# Record set:
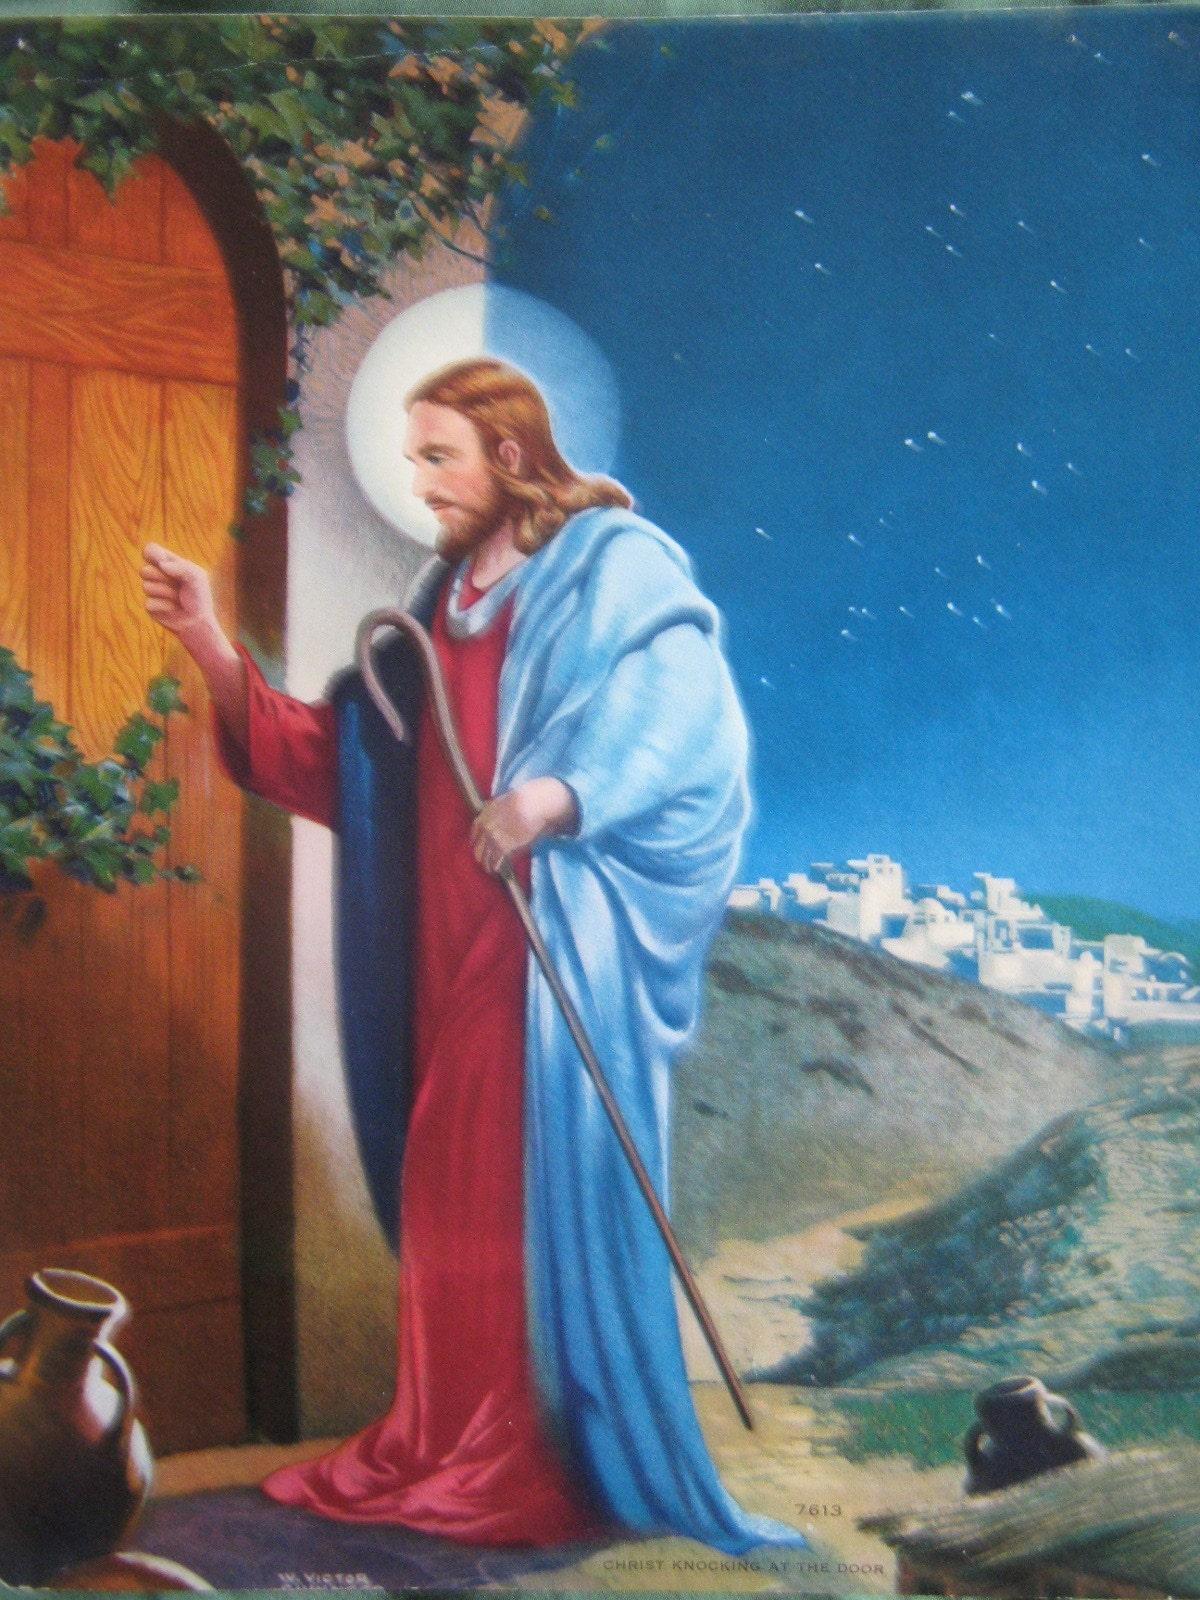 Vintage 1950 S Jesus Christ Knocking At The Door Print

--

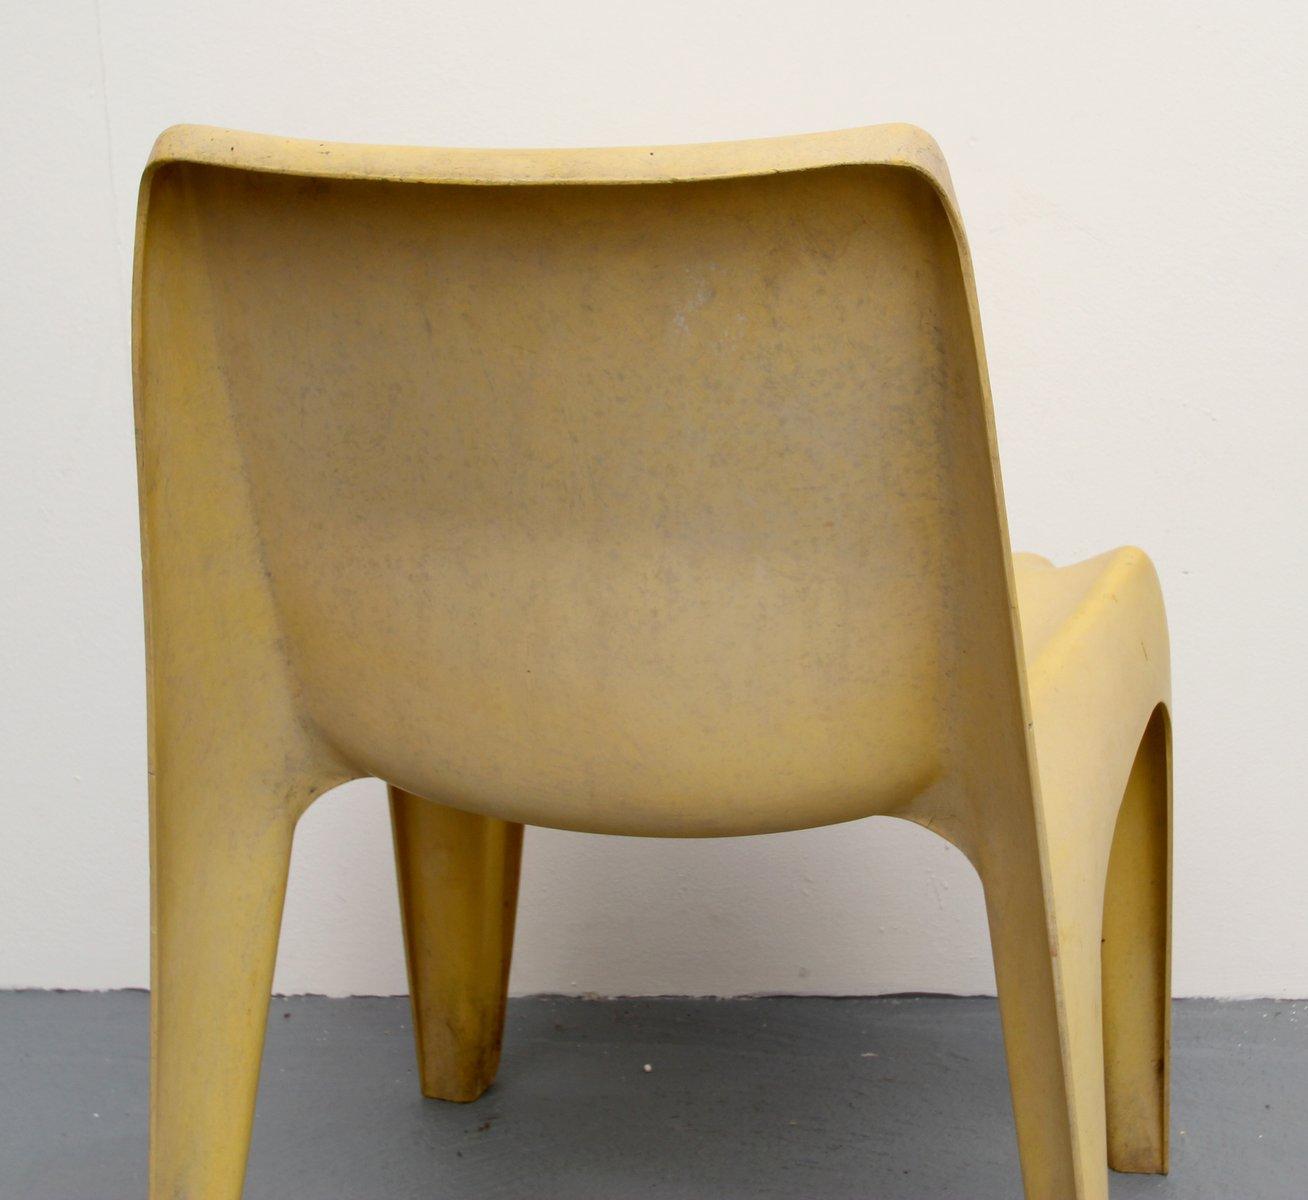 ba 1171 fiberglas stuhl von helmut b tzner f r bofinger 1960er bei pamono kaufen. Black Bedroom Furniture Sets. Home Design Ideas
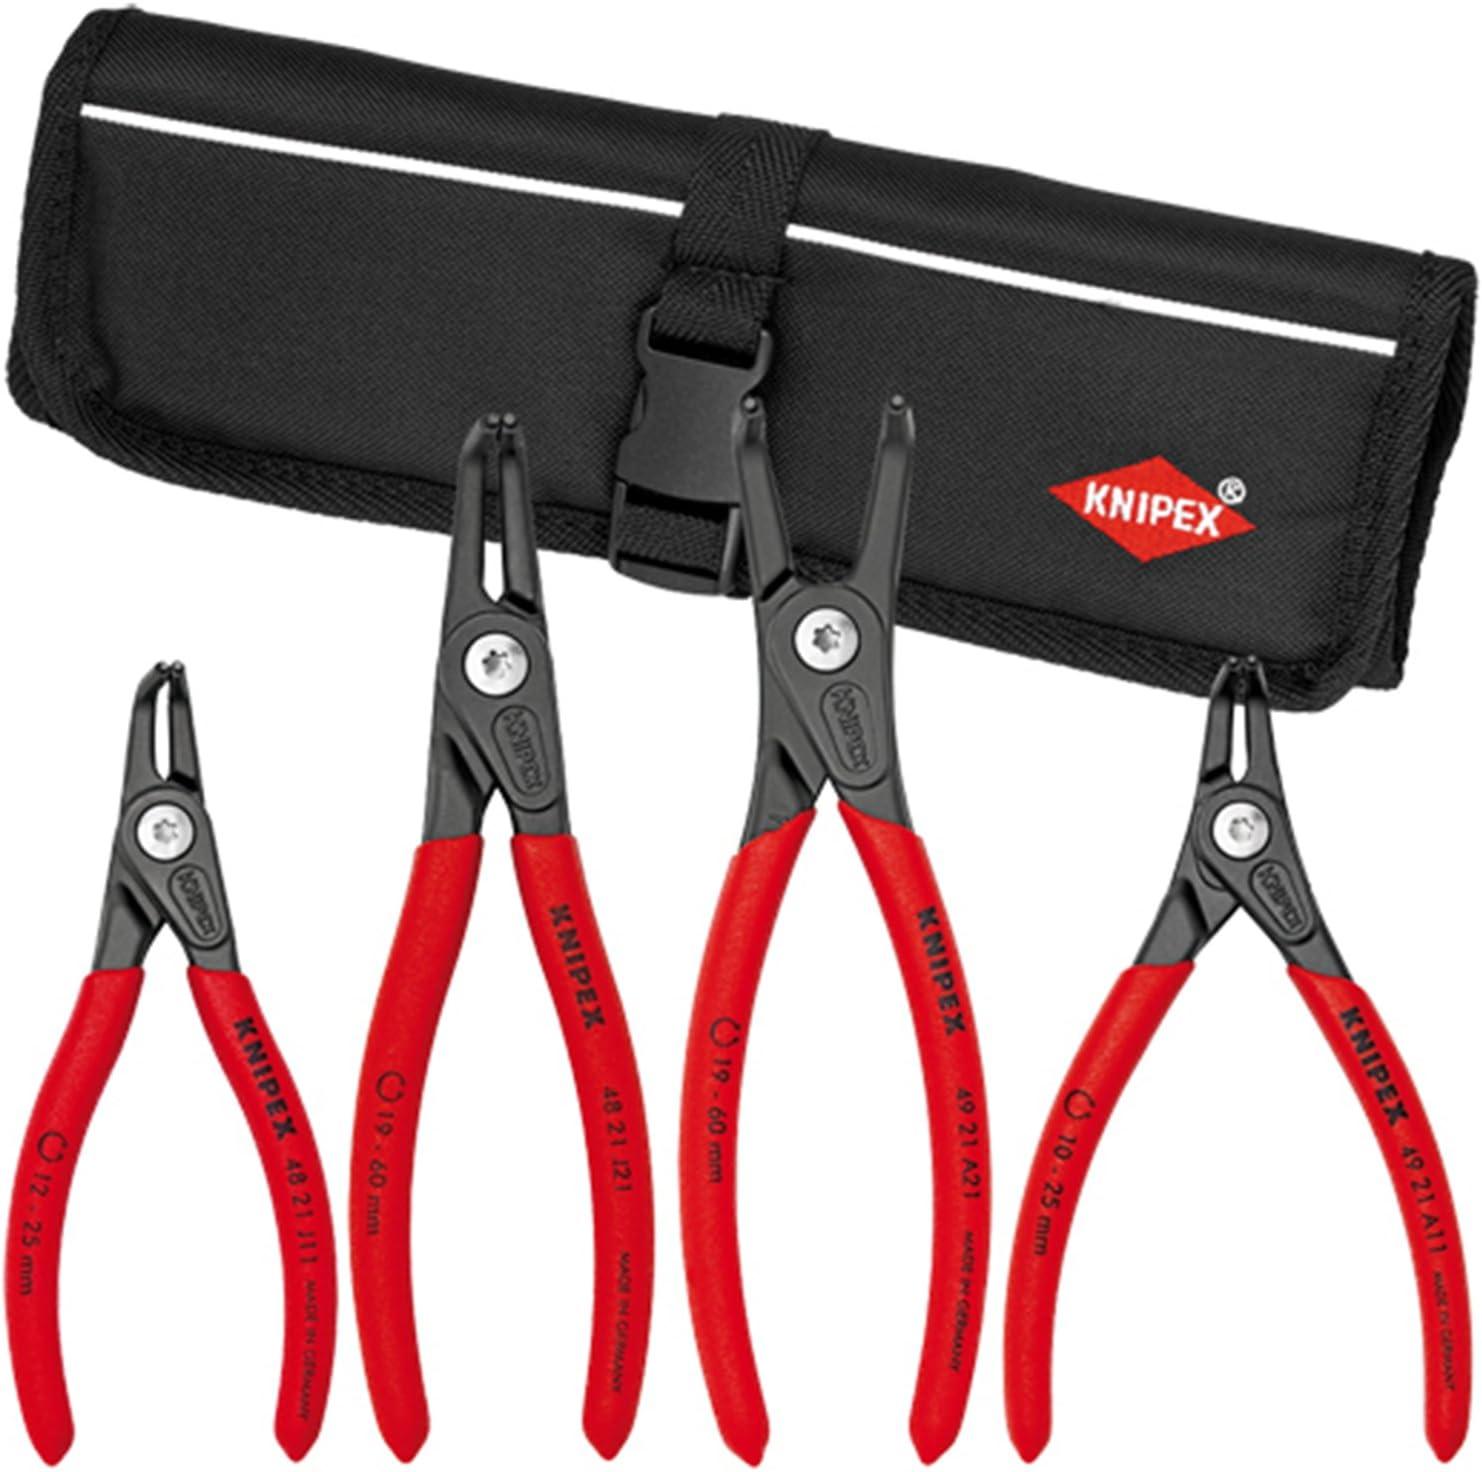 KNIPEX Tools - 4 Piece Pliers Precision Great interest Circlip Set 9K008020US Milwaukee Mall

# Work task:
Your answer should consist of the lines above between those holding "ba 1171 fiberglas" and "KNIPEX Tools - 4", inclusive, reproduced word for word and without pictures.

# Answer to this problem:
 ba 1171 fiberglas stuhl von helmut b tzner f r bofinger 1960er bei pamono kaufen. Black Bedroom Furniture Sets. Home Design Ideas
 KNIPEX Tools - 4 Piece Pliers Precision Great interest Circlip Set 9K008020US Milwaukee Mall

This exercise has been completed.